=== Data section ===

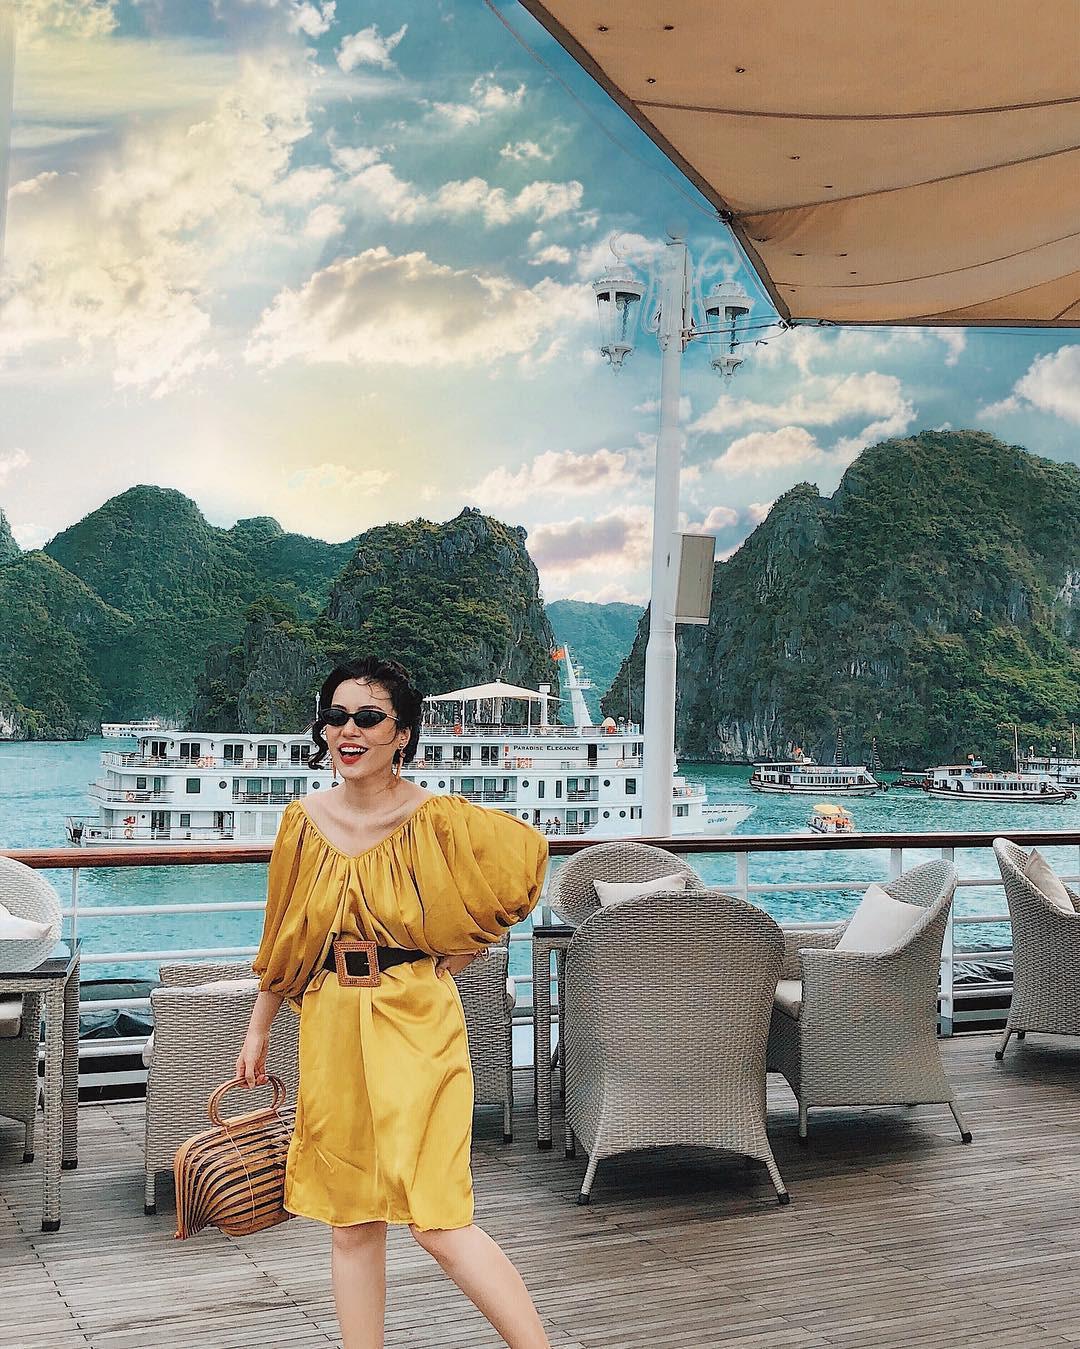 Kham pha Quang Ninh qua nhung buc hinh check-in cua gioi tre hinh anh 2
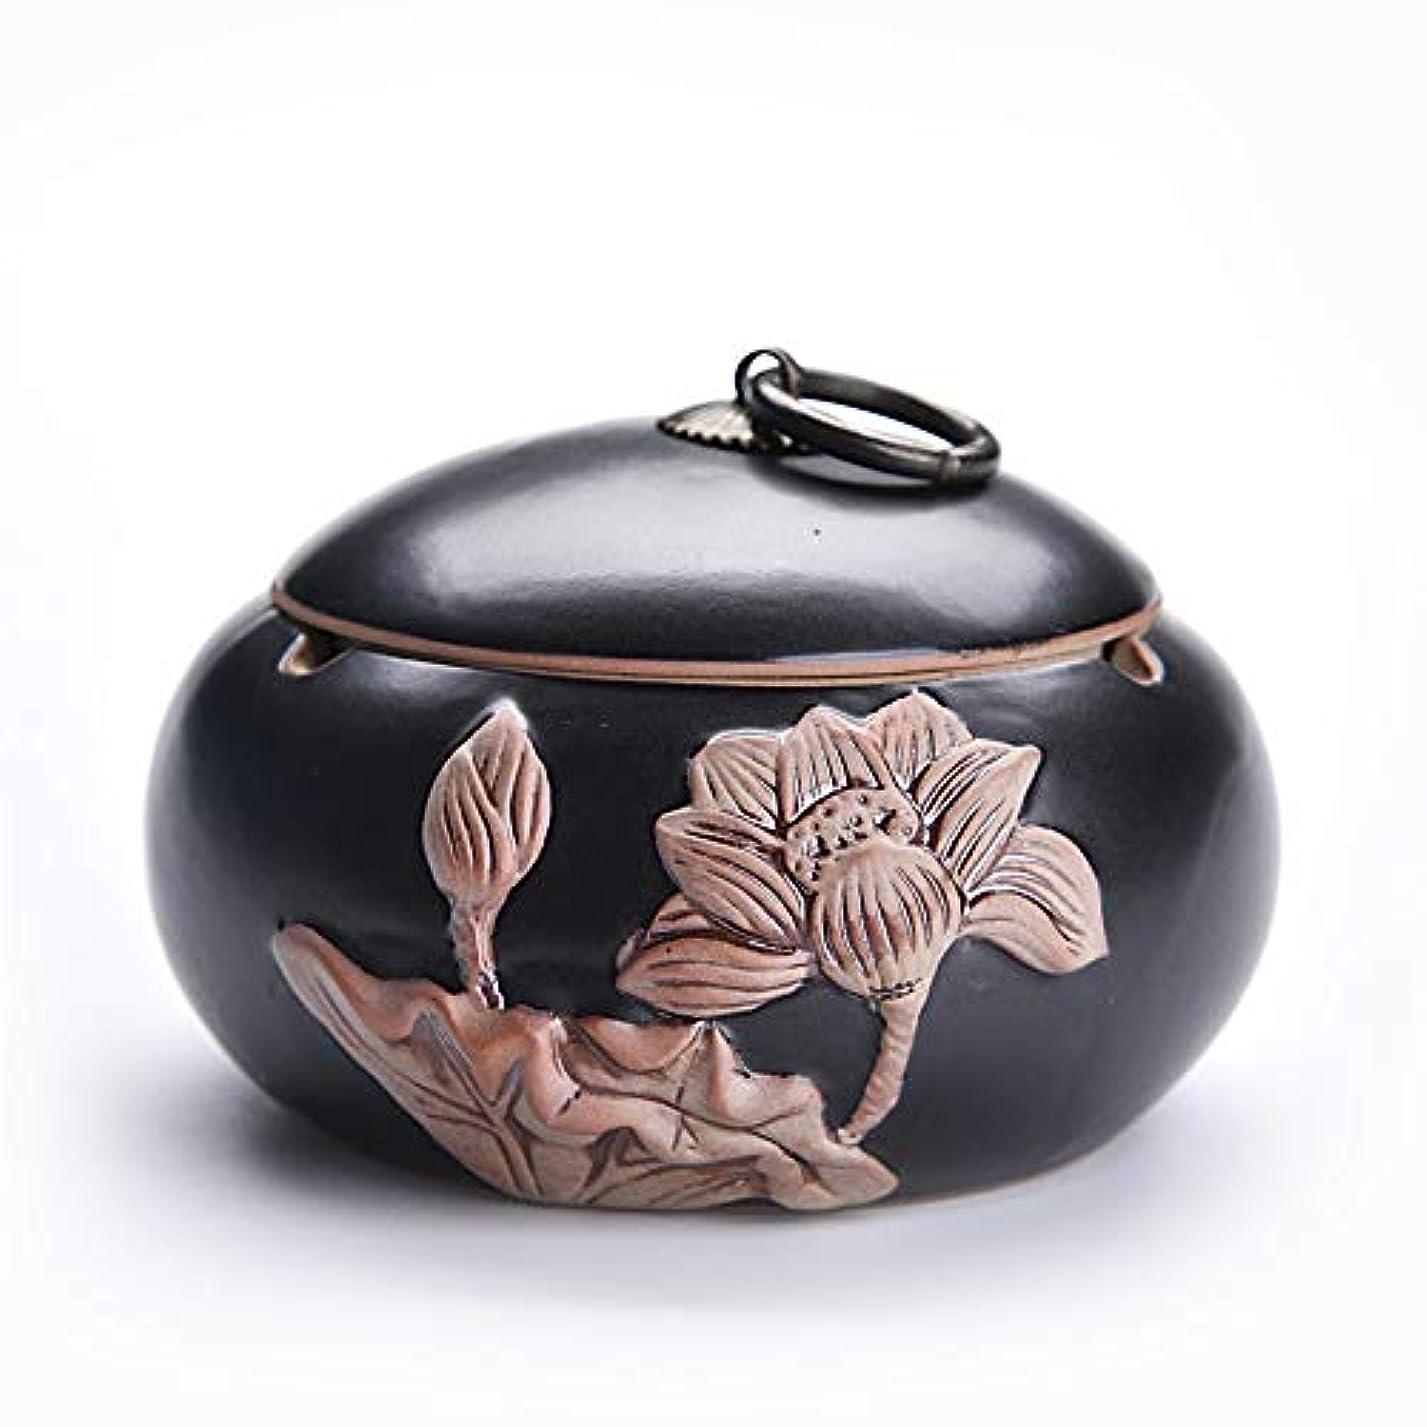 スポークスマン心からトランクライブラリ中国のレトロな創造的な鍋形セラミック灰皿ふた付き
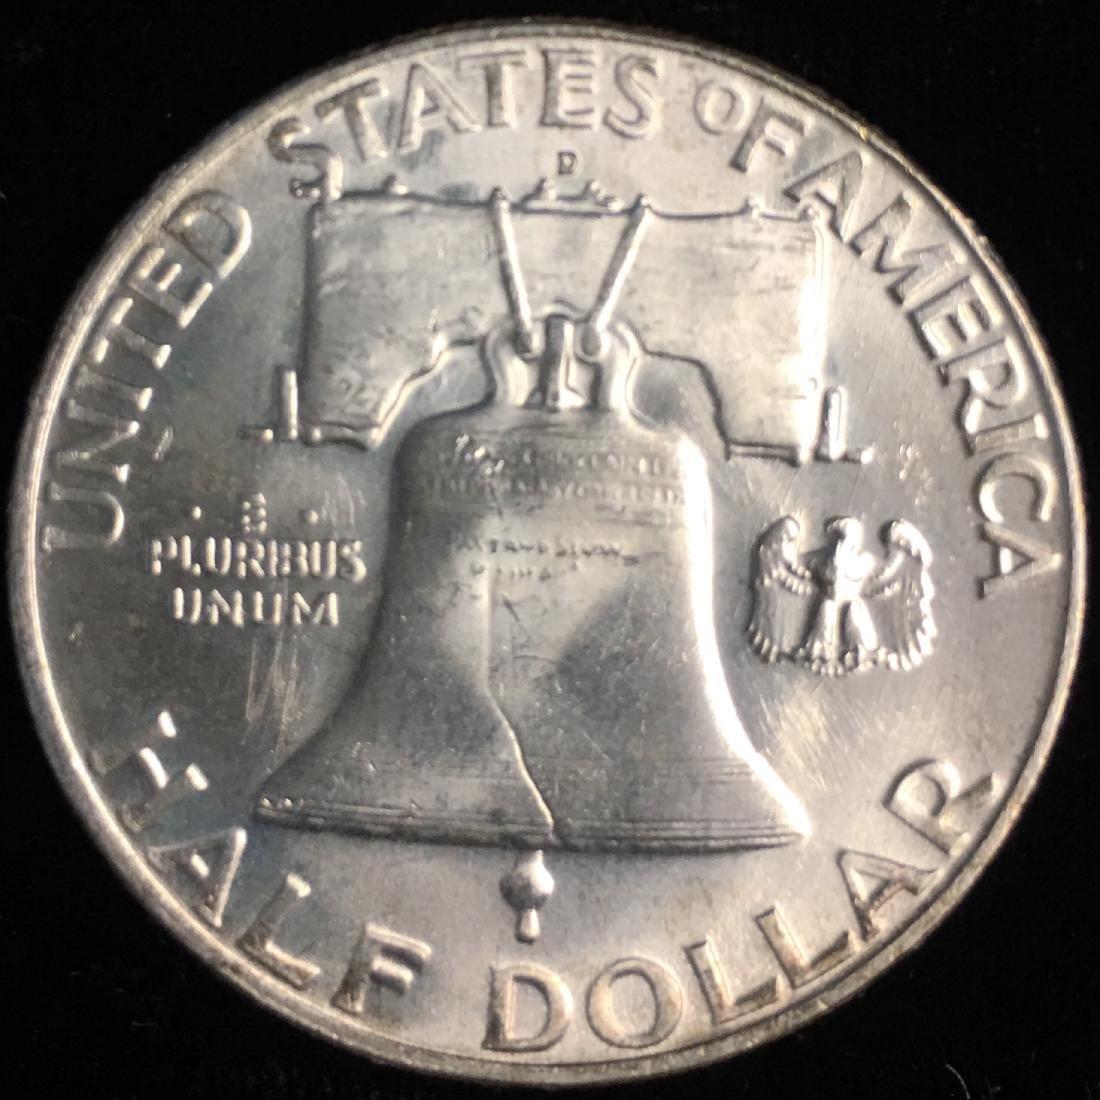 1958-D 50c Franklin Half Dollar Full Bell Lines GEM BU - 2

===

* Your goal *
Give all the lines above again, character for character, without pictures.

* Solved exercise *
 Kham pha Quang Ninh qua nhung buc hinh check-in cua gioi tre hinh anh 2
 スポークスマン心からトランクライブラリ中国のレトロな創造的な鍋形セラミック灰皿ふた付き
 1958-D 50c Franklin Half Dollar Full Bell Lines GEM BU - 2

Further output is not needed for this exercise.